Room modes are standing waves that form when sound wavelengths align with room dimensions. Axial modes (between two parallel surfaces) are the strongest. At modal frequencies, some positions experience +10 dB buildup while others experience -20 dB nulls. This is why the bass sounds different in every seat.
Step-by-Step Procedure
- Calculate expected modes. Use SonaVyx's Room Scan tool or calculate manually: f = c / (2L) where c = 343 m/s and L is the room dimension in meters. For a 6 m room, the first axial mode is 343 / (2 × 6) = 28.6 Hz. Harmonics at 2f, 3f, etc.
- Set up the RTA. Open SonaVyx at /measure?mode=rta. Set FFT size to 16384 or higher for good low-frequency resolution. Set smoothing to 1/24 octave or off. Low smoothing is critical — 1/3 octave smoothing will average out narrow modal peaks.
- Generate pink noise. Play pink noise through a subwoofer or full-range speaker at moderate level. Pink noise provides equal energy per octave, making modal peaks visible against a nominally flat baseline.
- Walk the room with the microphone. Move slowly from corner to center while watching the RTA. Modal peaks will shift in level as you move through pressure maxima and minima. Corners show the highest levels (all modes have pressure maxima at boundaries). The center of the room shows the deepest nulls for odd-order axial modes.
- Store traces at key positions. Use SonaVyx's trace store feature (press S) to capture spectra at: front-left corner, center of the room, mix position, and rear wall center. Compare these traces to see which frequencies vary most — those are your dominant modes.

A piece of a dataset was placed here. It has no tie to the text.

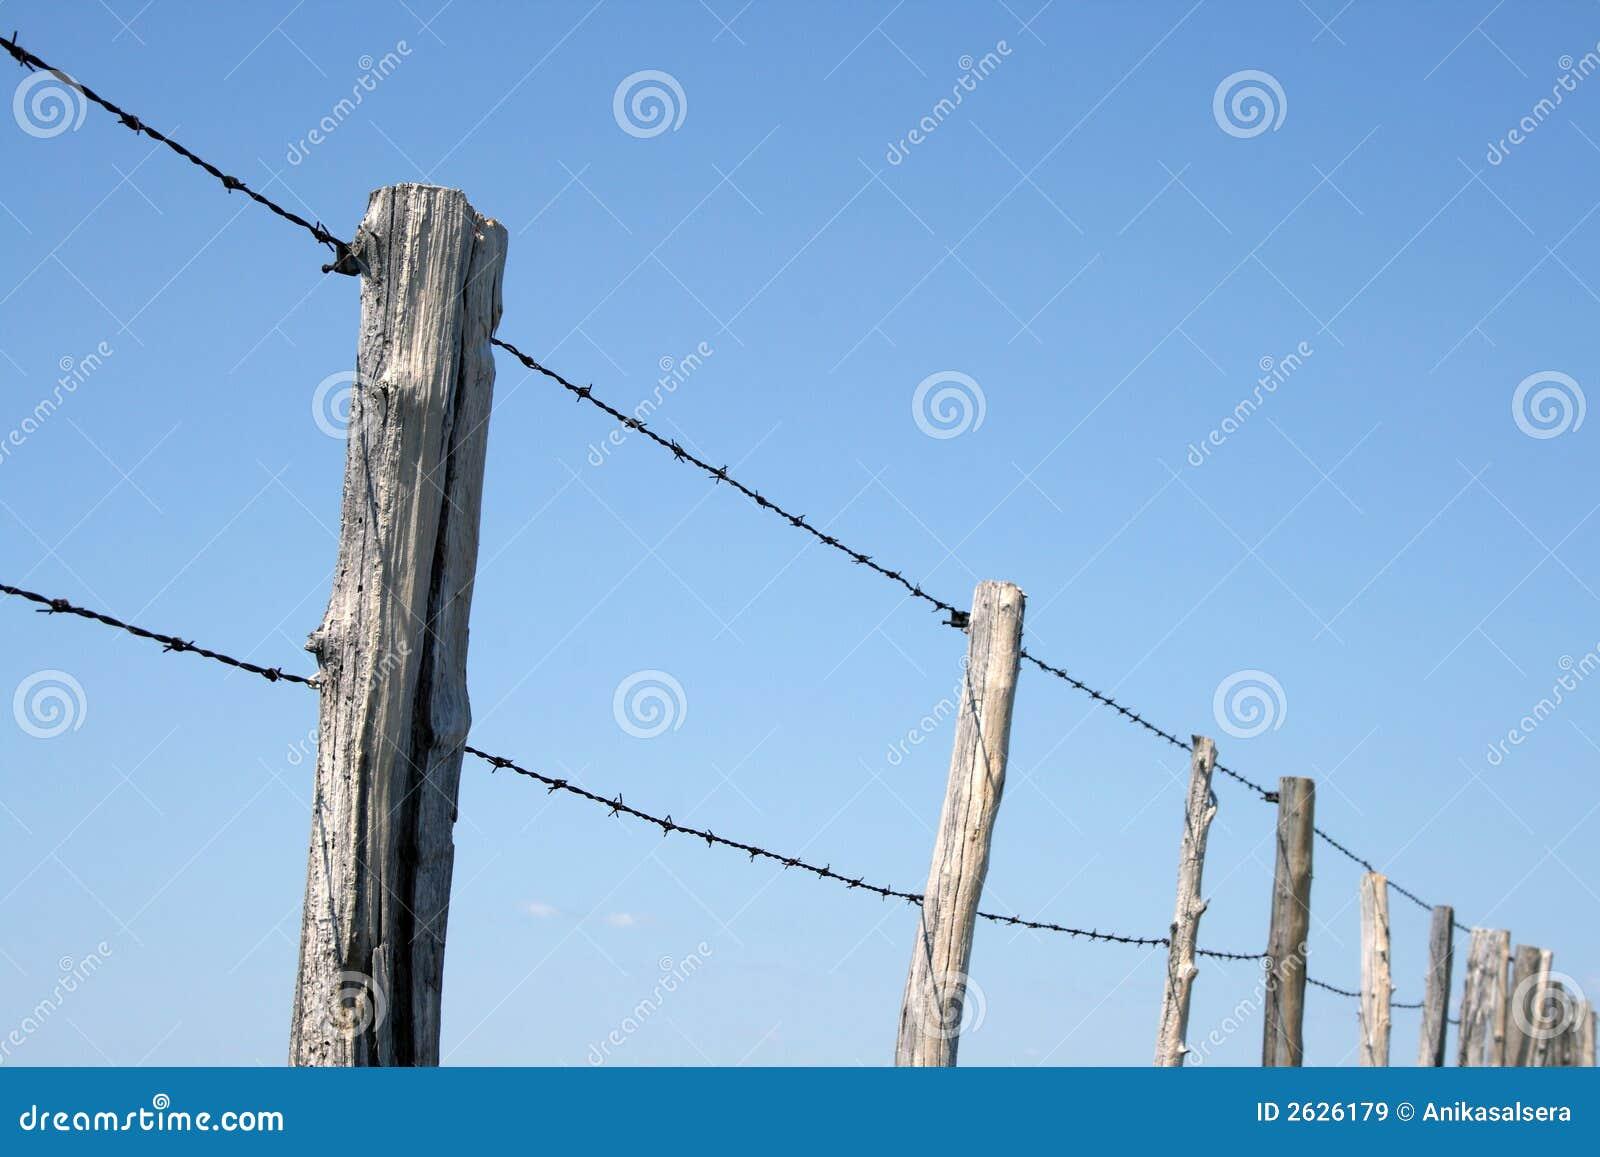 Забор с колючей проволокой своими руками

- Cross-reference with calculations. Compare the peaks you measured against the calculated modal frequencies. If you see a +8 dB peak at 57 Hz and your room length predicts a mode at 57.2 Hz, you have confirmed an axial mode.
- Identify problematic modes. Modes are problematic when they are isolated (no nearby modes to smooth the response) and when they coincide with musical fundamentals. A strong mode at 60 Hz will color every bass note near B1.
Common Mistakes
- Using too much smoothing. 1/3 octave smoothing hides modal peaks. Use 1/24 octave or no smoothing for mode identification.
- Measuring at one position only. A single position may sit in a null for one mode and a peak for another, giving a misleading picture. Measure at least 4 positions.
- Confusing speaker response with room modes. Subwoofer rolloff looks like a missing mode. Verify by measuring near-field (within 0.5 m of the speaker) to see the speaker's native response.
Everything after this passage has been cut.